The Thai military may have initiated the border clash with Cambodia without Abhisit’s knowledge, in order to cut across any move to hold early elections. According to a February 8 article in Asia Times Online, Army commander General Prayuth Chan-ocha is opposed to Abhisit’s plans because an election may lead to the victory of the opposition Puea Thai Party.
Puea Thai is the current political vehicle of the forces loyal to former Prime Minister Thaksin Shinawatra, whom the military ousted in a coup in September 2006 after months of anti-government protests organised by PAD.
Sections of Thai big business, along with the military hierarchy and political figures closely connected to the monarchy of King Bhumibol Adulyadej, had turned against Thaksin when he shifted from the protectionist economic policies he had promised when he was elected in 2001, after the Asian economic crisis of 1997-98, and began to open the economy to more foreign competition and investment. Thaksin’s orientation toward closer relations with China also caused concerns in the traditionally US-aligned ruling elite.
PAD was established by publishing tycoon Sondhi Limthongkul and other business interests vulnerable to Thaksin’s turn in economic policy. Sondhi was soon joined by a raft of nationalists, including a bevy of ex-generals, and attracted the support of a largely middle class constituency for a protest campaign demanding Thaksin’s resignation and new elections.
The armed forces, with the transparent backing of the monarchy, justified a coup on the grounds of restoring stability and imposed military rule for 14 months. Elections were not viewed as viable as Thaksin had built up an electoral base of support through economic concessions to the long-neglected rural masses and urban poor, in the form of cheap health care and village development fund loans.
Relying on this social base, the pro-Thaksin People Power Party (PPP) won a clear majority of the vote in the December 2007 election and formed government. A new campaign of destabilisation was begun almost immediately, culminating in PAD protesters occupying Bangkok airport in November 2008. In December, the constitutional court was used to carry out another de-facto coup by outlawing the PPP and removing its pro-Thaksin prime minister, Somchai Wongsawat, from parliament. The military then pressured the PPP’s coalition partners to join Abhisit’s Democrats in a coalition government.
More than two years on, the political tensions have only intensified. The pro-Thaksin United Front for Democracy against Dictatorship (UDD) organised mass protests in April and May last year, mobilising tens of thousands of rural supporters and urban poor to demand new elections. The military bloodily suppressed the “red shirt” demonstrations on May 19 and the UDD leadership called off mass action.
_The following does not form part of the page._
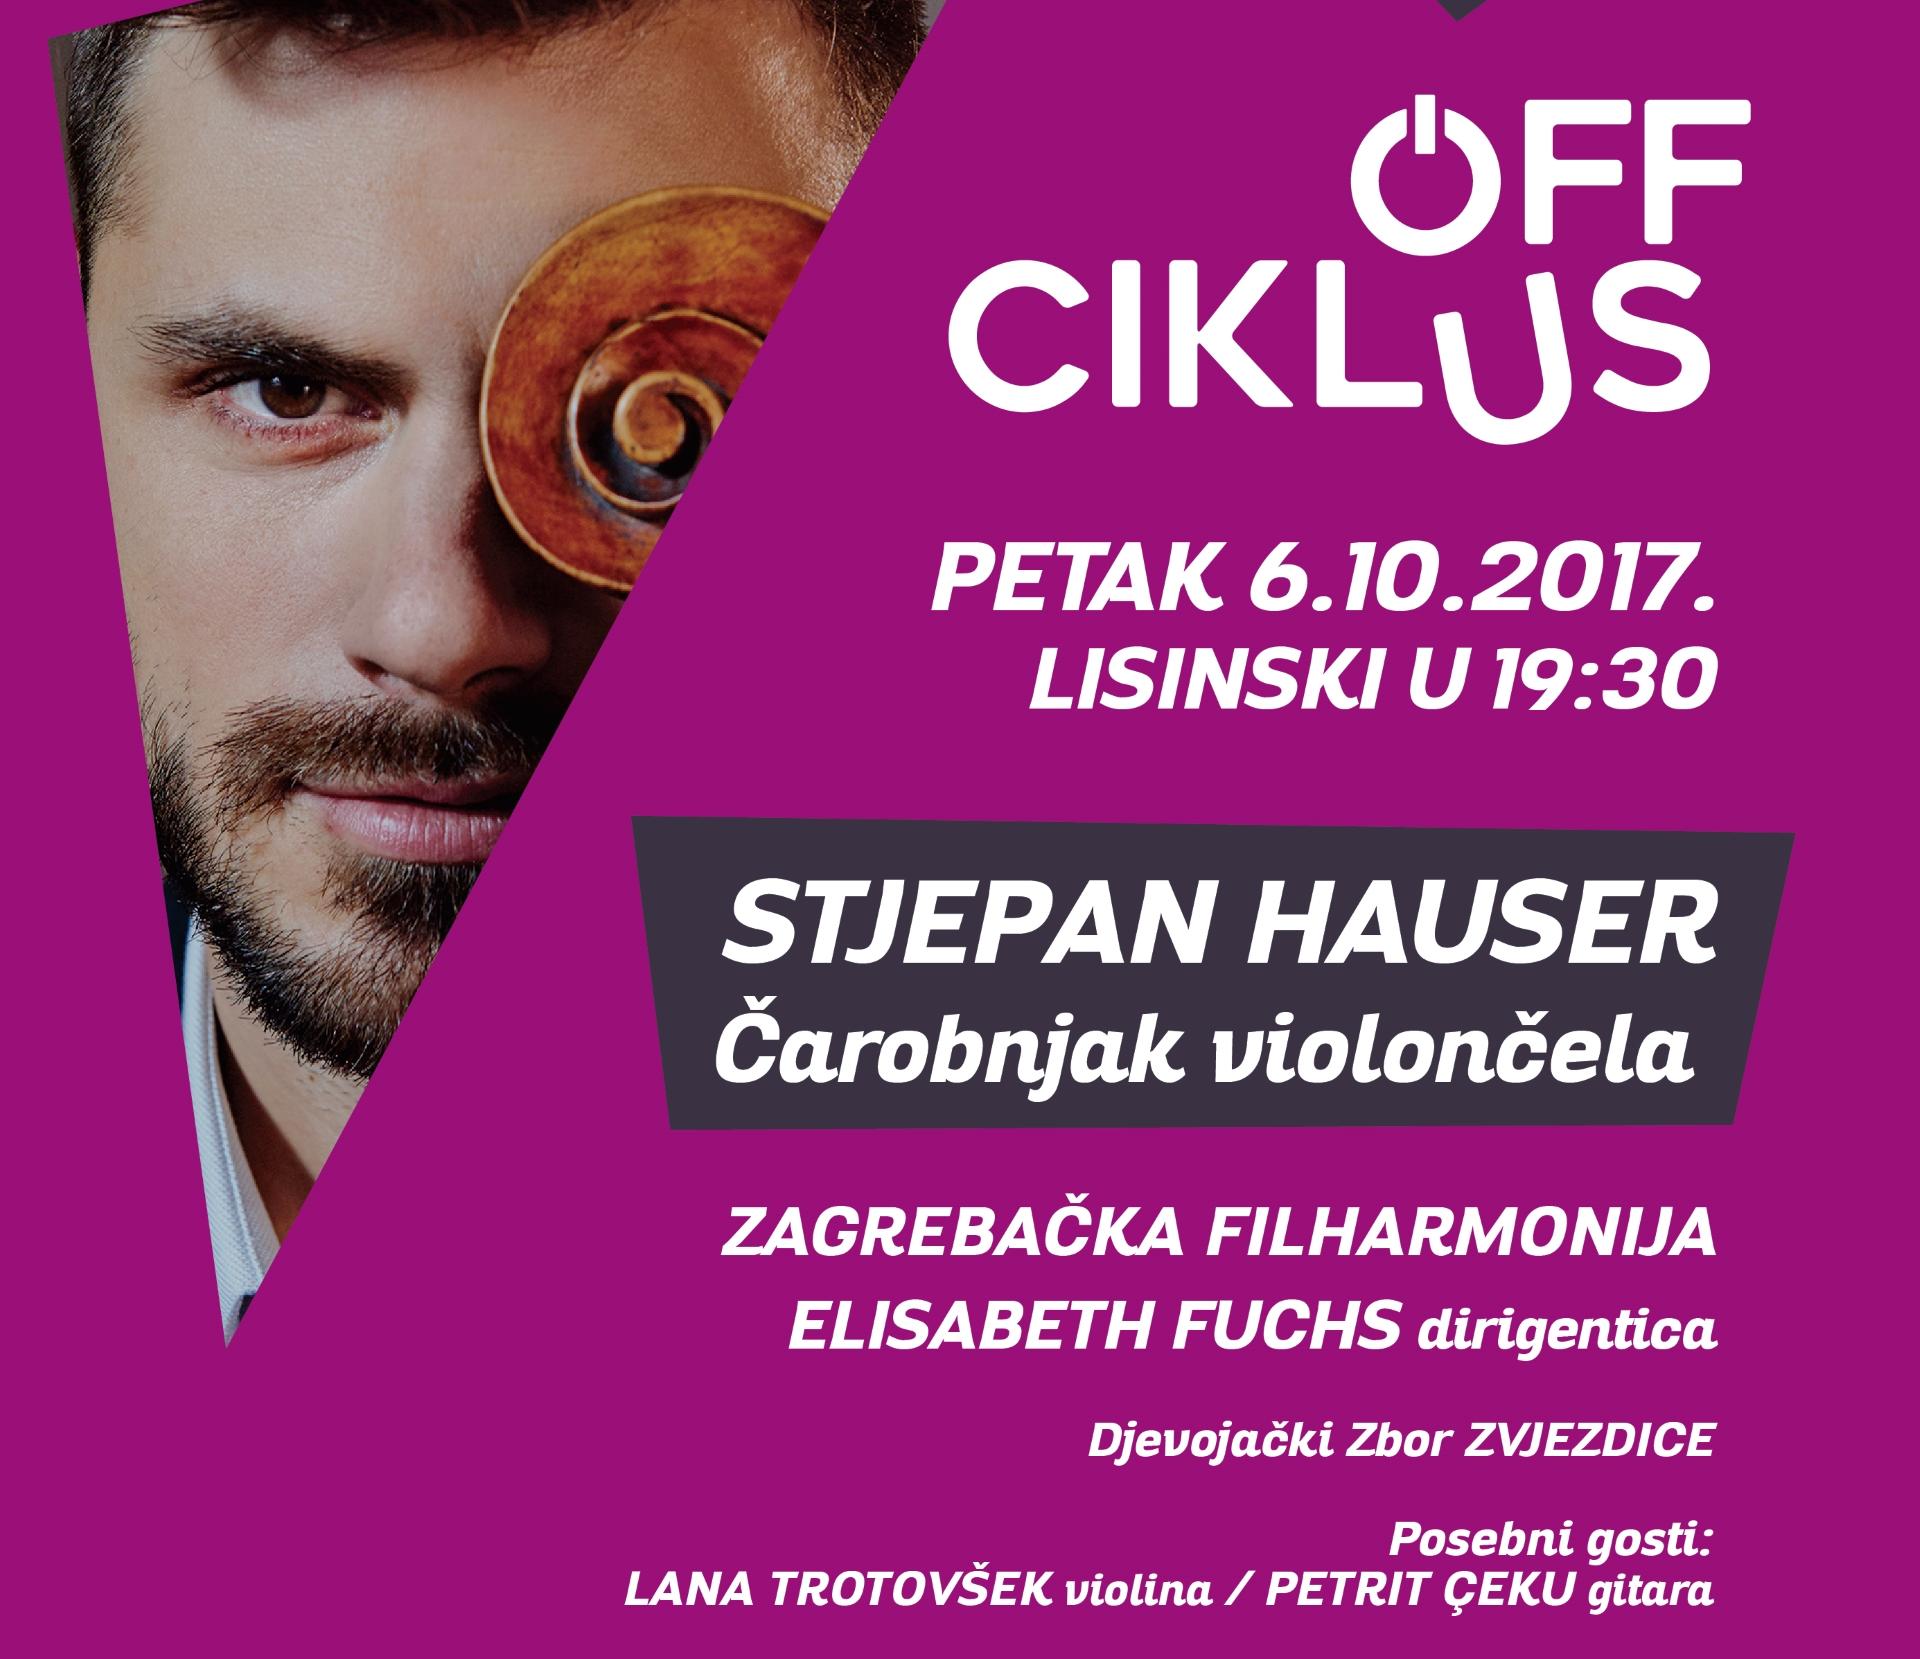 Stjepan Hauser u petak otvara 'Off' ciklus Zagrebačke filharmonije

Abhisit had calculated that the UDD demobilisation following the army’s crackdown, combined with the welfare measures he has promised to Thaksin supporters and the state of the economy would ensure he won an early election.
He had not counted, however, on the opening up of a rift between his government and the PAD nationalist elements. At a rally over the border clashes, PAD leaders, including Sondhi and General Chamlong Srimuang, called for the resignation of the Abhisit government for its failure to resolve the dispute with Cambodia in Thailand’s favour.
Yesterday, with PAD supporters threatening to blockade major roads throughout Bangkok and disrupt parliament, Abhisit’s cabinet invoked the Internal Security Act in seven districts of the city until February 23. The ISA gives police extraordinary arrest powers. According to the Bangkok Post, 50 companies of riot police have been deployed to suppress PAD activities.
With new instability in the streets of the Thai capital, Abhisit is less likely to proceed with an April election, giving the military establishment time to plot how to prevent any prospect of another pro-Thaksin victory.